BJ:      So in order not to be held as a natural process that is not eligible for patent protection, how should companies position their business or IP strategy?

QS:      If you are working with biomarkers, you might want to look beyond merely the markers, and at all possible applications for the subject matter of protection. In other words, as part of your business, are you developing or selling smart devices, kits? Are you coming up with novel improvements on existing instruments in order to adapt them for analyses based on the new biomarker? Can you find ways to develop new reagents or improved formulations that would work with the new markers? And so on.

For those who would like to push the envelope and see how much more “upstream” one might be able to go in terms of patent protection on biomarker-related technologies, my advice would be, again, forget about simple correlations. Instead, consider profiles, matrix – some creative patterns and statistics that would shed light on disease conditions or patient prognosis or therapeutic responsiveness. These things are not simple natural phenomena, or simple law of nature.
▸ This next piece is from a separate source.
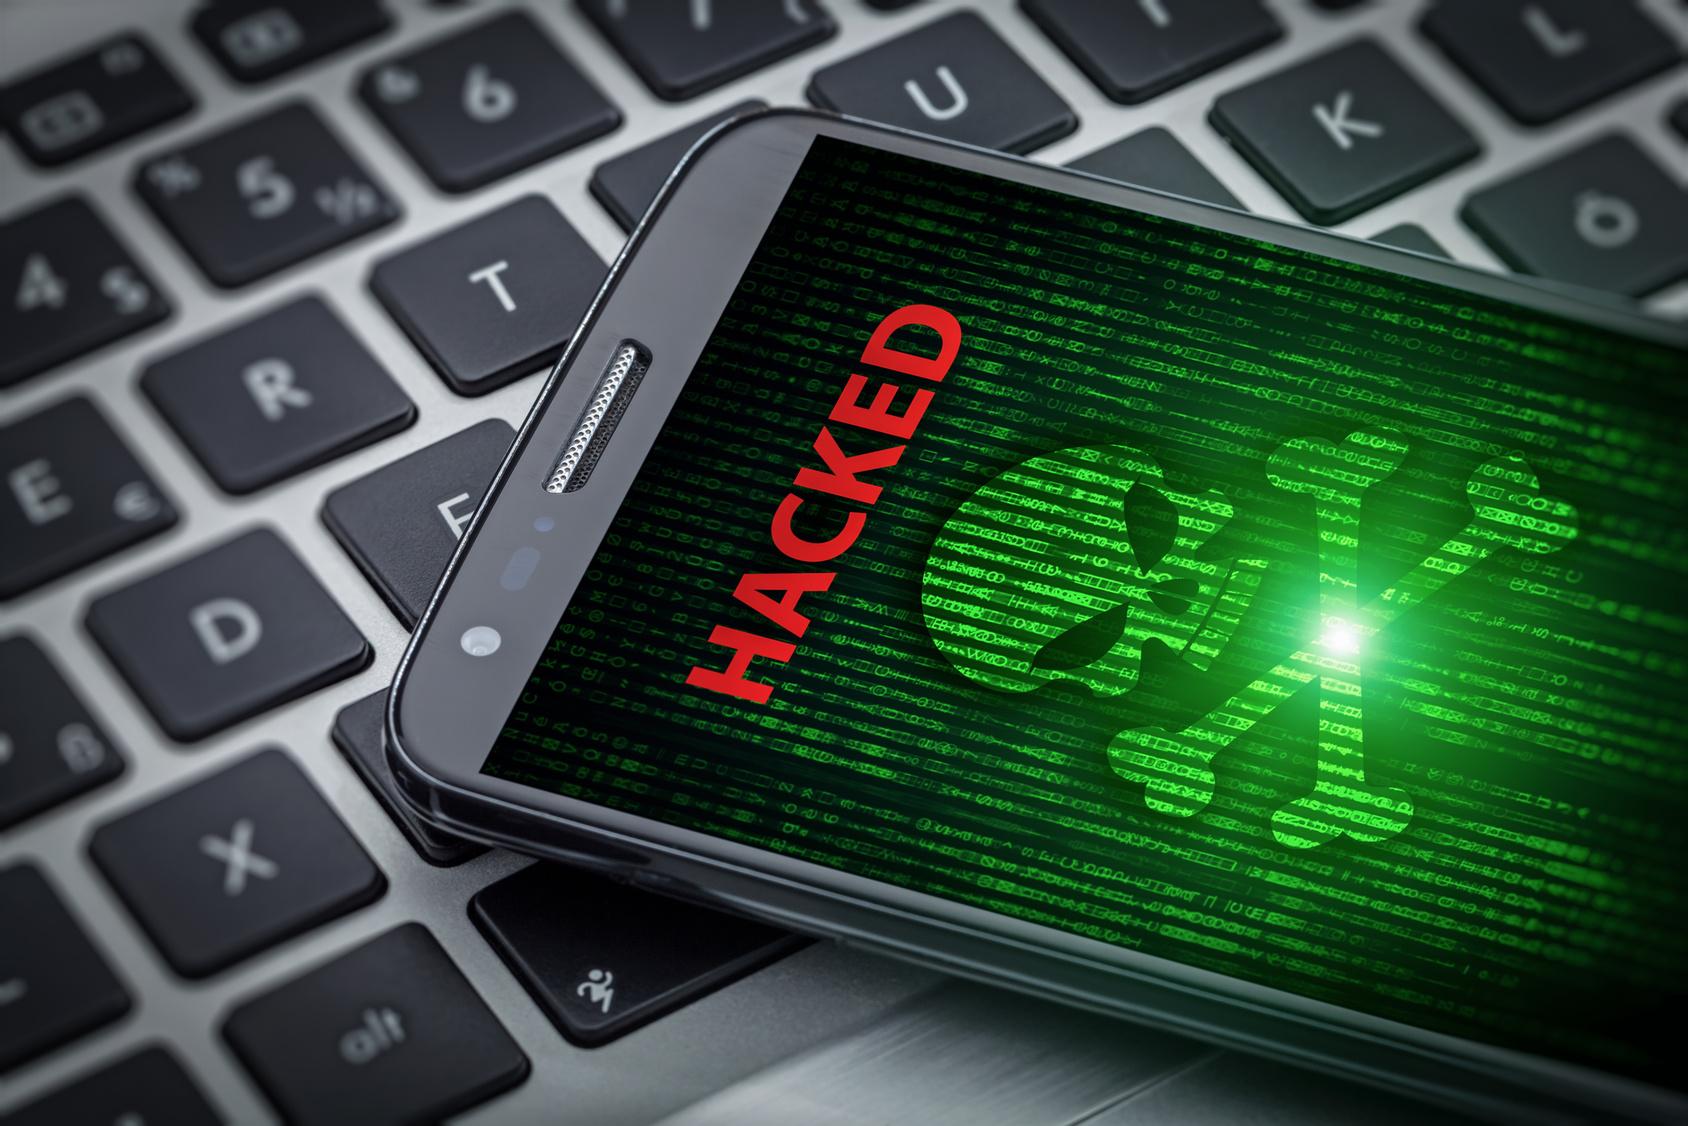 Старый троянский вирус вернулся в строй и атакует российских пользователей Android
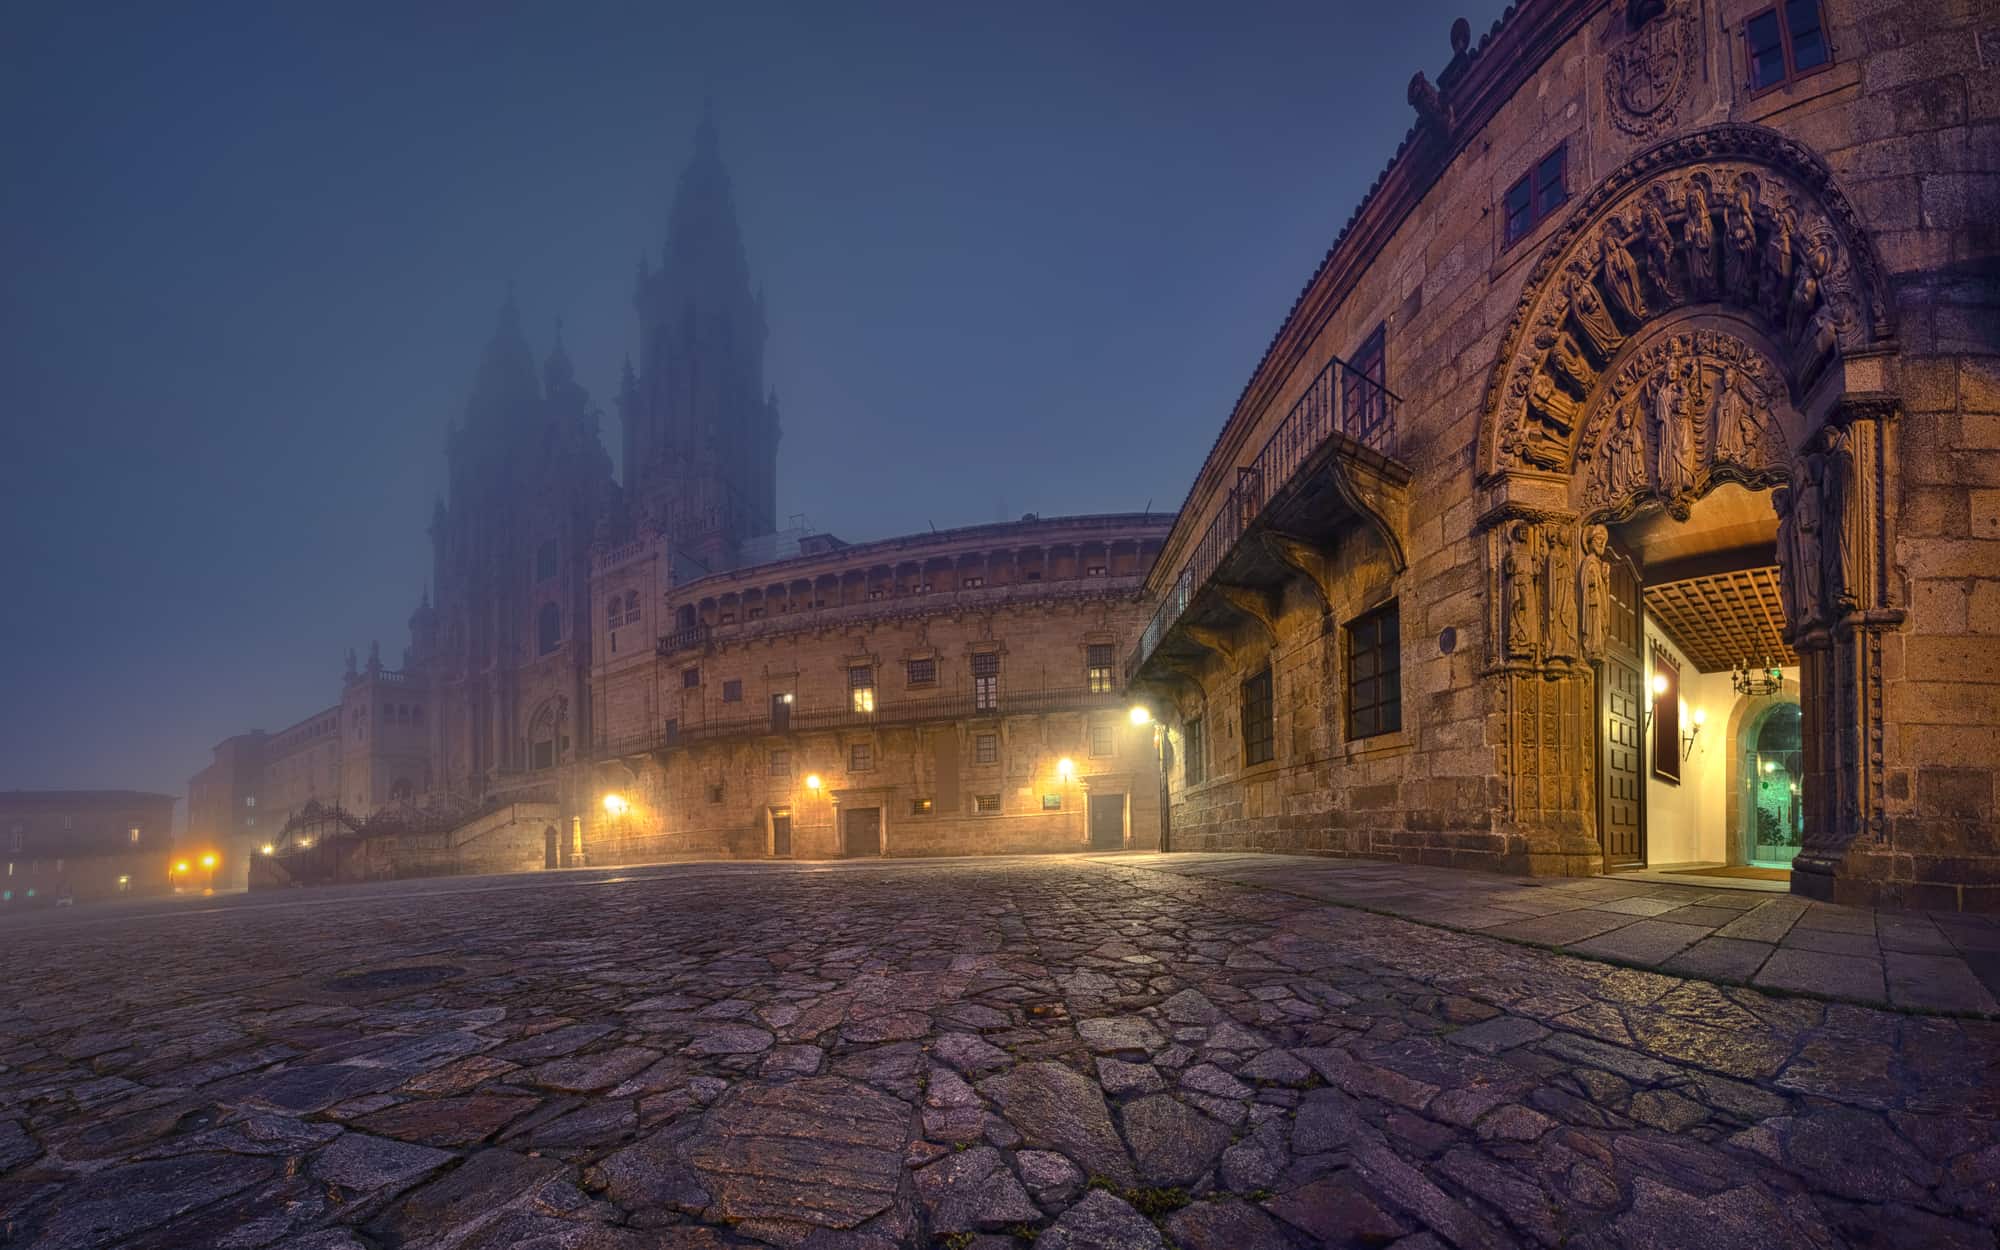 Santiago de Compostela, Spain. View of Praza do Obradoiro

Now, one needs to be clever in figuring these things out as a matter of science, business, and IP. Don’t forget that you would want to avoid going after pure mathematics or algorithms or have the appearance of doing so, as well.

BJ:      Outsiders often wonder whether there is a trend the Supreme Court is adhering to in making these decisions, Prometheus and the like. Are they trying to establish precedent or are they looking at case-by-case basis?

QS:      It seems as though how the Court came out in a particular case may have more to do with the timing and circumstance, and even the political climate at that particular point. The Roberts Court has been very occupied by some very high-profile cases such as Citizen United, the Obamacare case, and so on.

It would be unsurprising that some justices simply gave less attention to patent cases and went with the champion for a particular position at times. That champion in Prometheus was of course Justice Breyer.

Speaking more generally, it appears true and perhaps of concern, that this Court has tended to be influenced in its analysis of patent questions by inchoate constitutional law – civil liberty law concerns—and have tended to pay lesser attention to the intricacies of the patent law traditions. To me, this means both challenges and opportunity. It means that the IP owners in the diagnostics industry and other industries need to do a better job to educate the Court and courts, and to bring them near the realities of the industries – where IP is front and center and where technology is the engine for growth. By the way, that’s the reason why our practice also includes appeals and amicus briefing for matters of broad impact.

BJ:      Is there a role of protecting nonprofits and academic institutions in this decision? Would these decisions be different among company-to-company lawsuits?

QS:      It would be hard to say that with a different set of litigants, both for-profit companies, the Court would come out differently given the same facts at the time. However, in patent cases involving genes, biomaterials and so on, courts do pay a lot of attention to the arguments for public access and for uninhibited basic research. To that extent, it is possible that Mayo, being a non-profit, may have benefited from such sentiments, something easily shared by the Justices across the political spectrum. Although, as a footnote, in that case Mayo was commercializing its own diagnostics test and the activities in question were not strictly non-profit.